The public library portion of Inform seems to do something along these lines, in fact. So I figured that was supposed to be the interface to use. Makes sense. But, then, in some cases, I’ve found discrepancies between what’s listed there (in the public library) and what’s on the GitHub repository. Are these two resources supposed to be linked?

If you look at the internal structure, both the Public Library and the Github repo are organized by author’s name. That’s because Inform 7 uses the same structure to store extensions, so every extension I create will be in a “Daniel Stelzer” directory on my own machine. Imitating this structure in the repository makes it much easier to keep them in sync without copying files back and forth every time.

As far as usage, extensions in the Public Library are tested, verified, and supported for the newest version of Inform, while the Github repo holds new updates, experimental versions, and special-purpose extensions which most authors won’t need. There’s some overlap, but finding a file in one doesn’t mean it’ll appear in the other. (There’s also the old Extensions page on the Inform 7 website, which holds legacy extensions for old Inform versions.)

Okay, got it. When I look at the Public Library (in Inform – I don’t know why I would look at the payloads directory itself necessarily), I see categories like “Adaptive Prose” and then under that “Responses”, “Varying What is Written”. That makes complete sense to me and I guess I see the point about the GitHub given your other comments.

Those are three pretty different categories of things to store in one repository. But if the Public Library and the GitHub aren’t linked (even though there is “overlap”?) maybe that doesn’t matter as much. So it sounds like if I stick with the Public Library I should be good. I presume that “updates” from the GitHub are somehow promoted to the Public Library when they are deemed – what? Good enough? Tested?

It seems a little opaque to me, to be honest. Unless, again, the Public Library is really supposed to be the main interface. Sorry for the question torrent. When I was last around, Inform 6 was the main platform. I’m still wrapping my head around the Inform 7 approach to things.

Oh, indeed. I just linked that to show what the internal structure looks like.
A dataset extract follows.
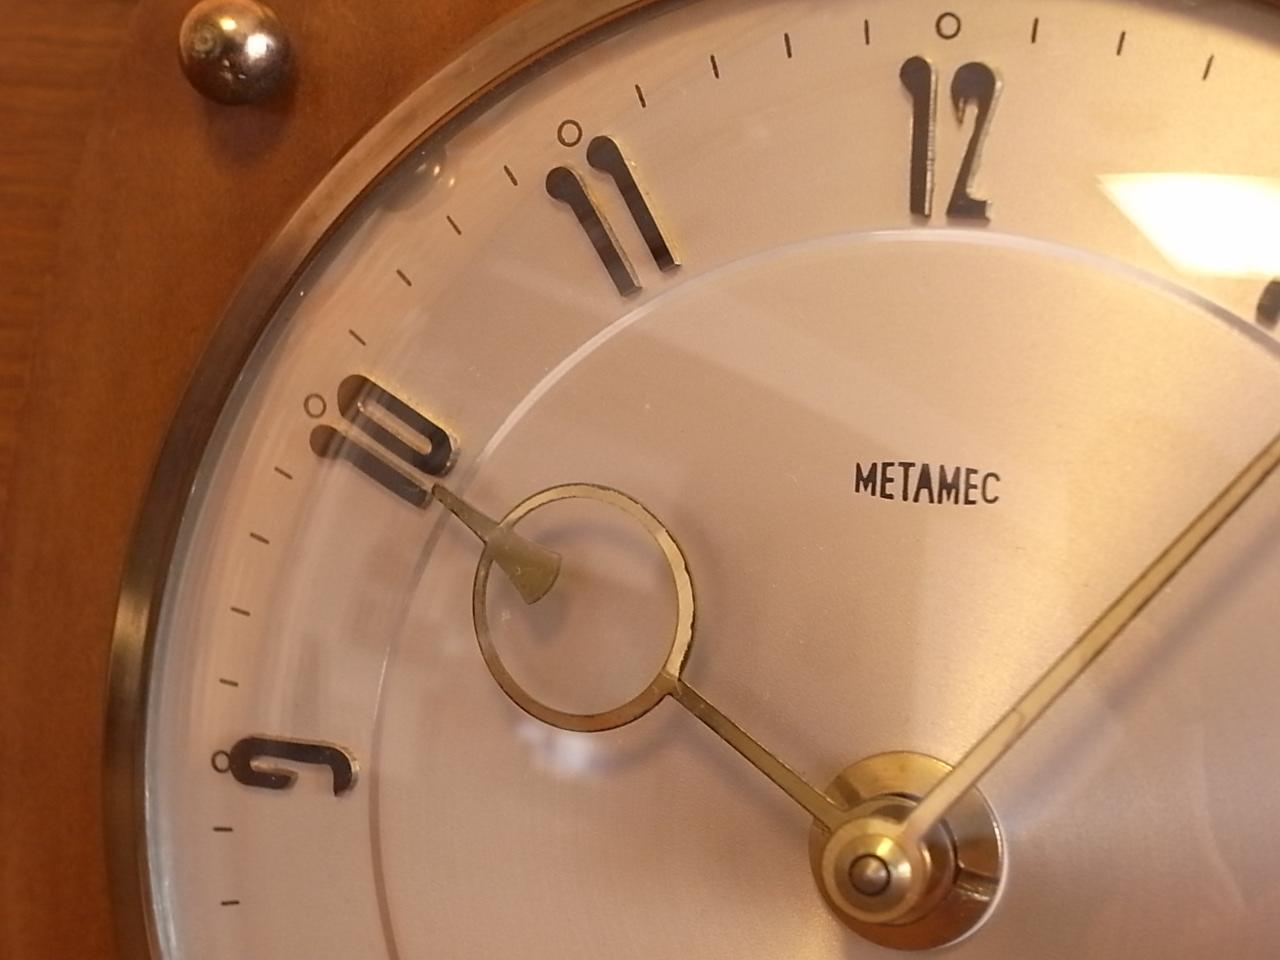 メタメック 8日巻き クロック トノー型の写真5枚目
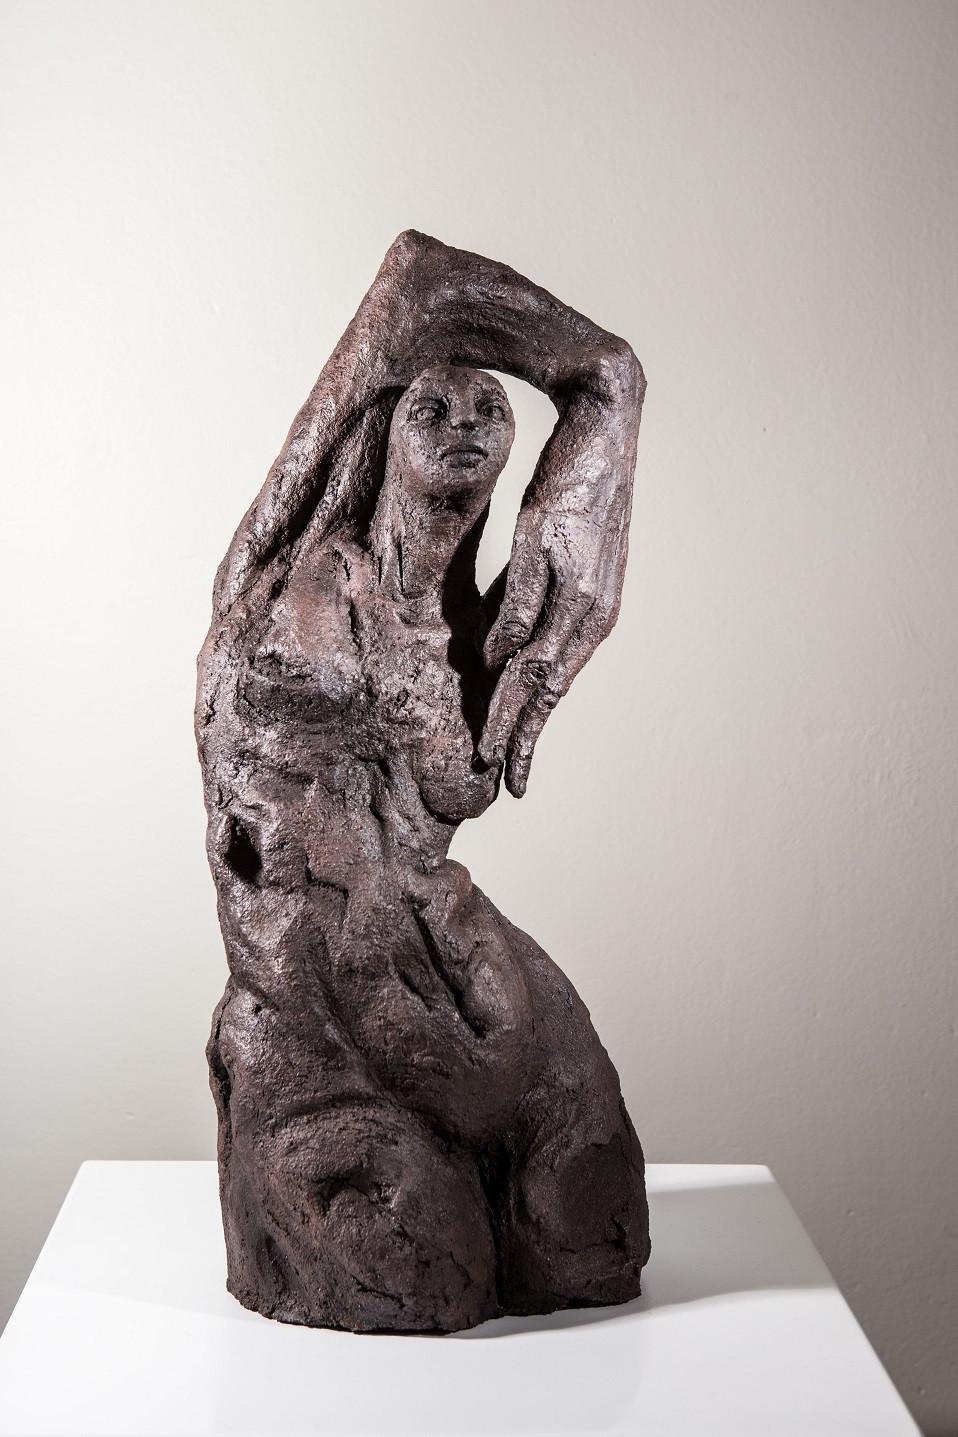 Caroline Chopin, Intimité, grès cérame, 50/21/17 cm, photographie Bénédicte Deleplanque

The Public Library is intended to be the main interface for authors now. When an extension creator thinks their code is good and ready they can submit it to the Library maintainers, and they’ll review it and potentially add it in. But some people just write extensions for their own use, or to answer a question posted here, or something like that, and don’t polish and document it to the point where it’s Public-Library-ready. (I’m one of those people, which is why you won’t find a Daniel Stelzer directory in the Library.) So for those people, the Github is an easy way to make those extensions available to anyone who wants them.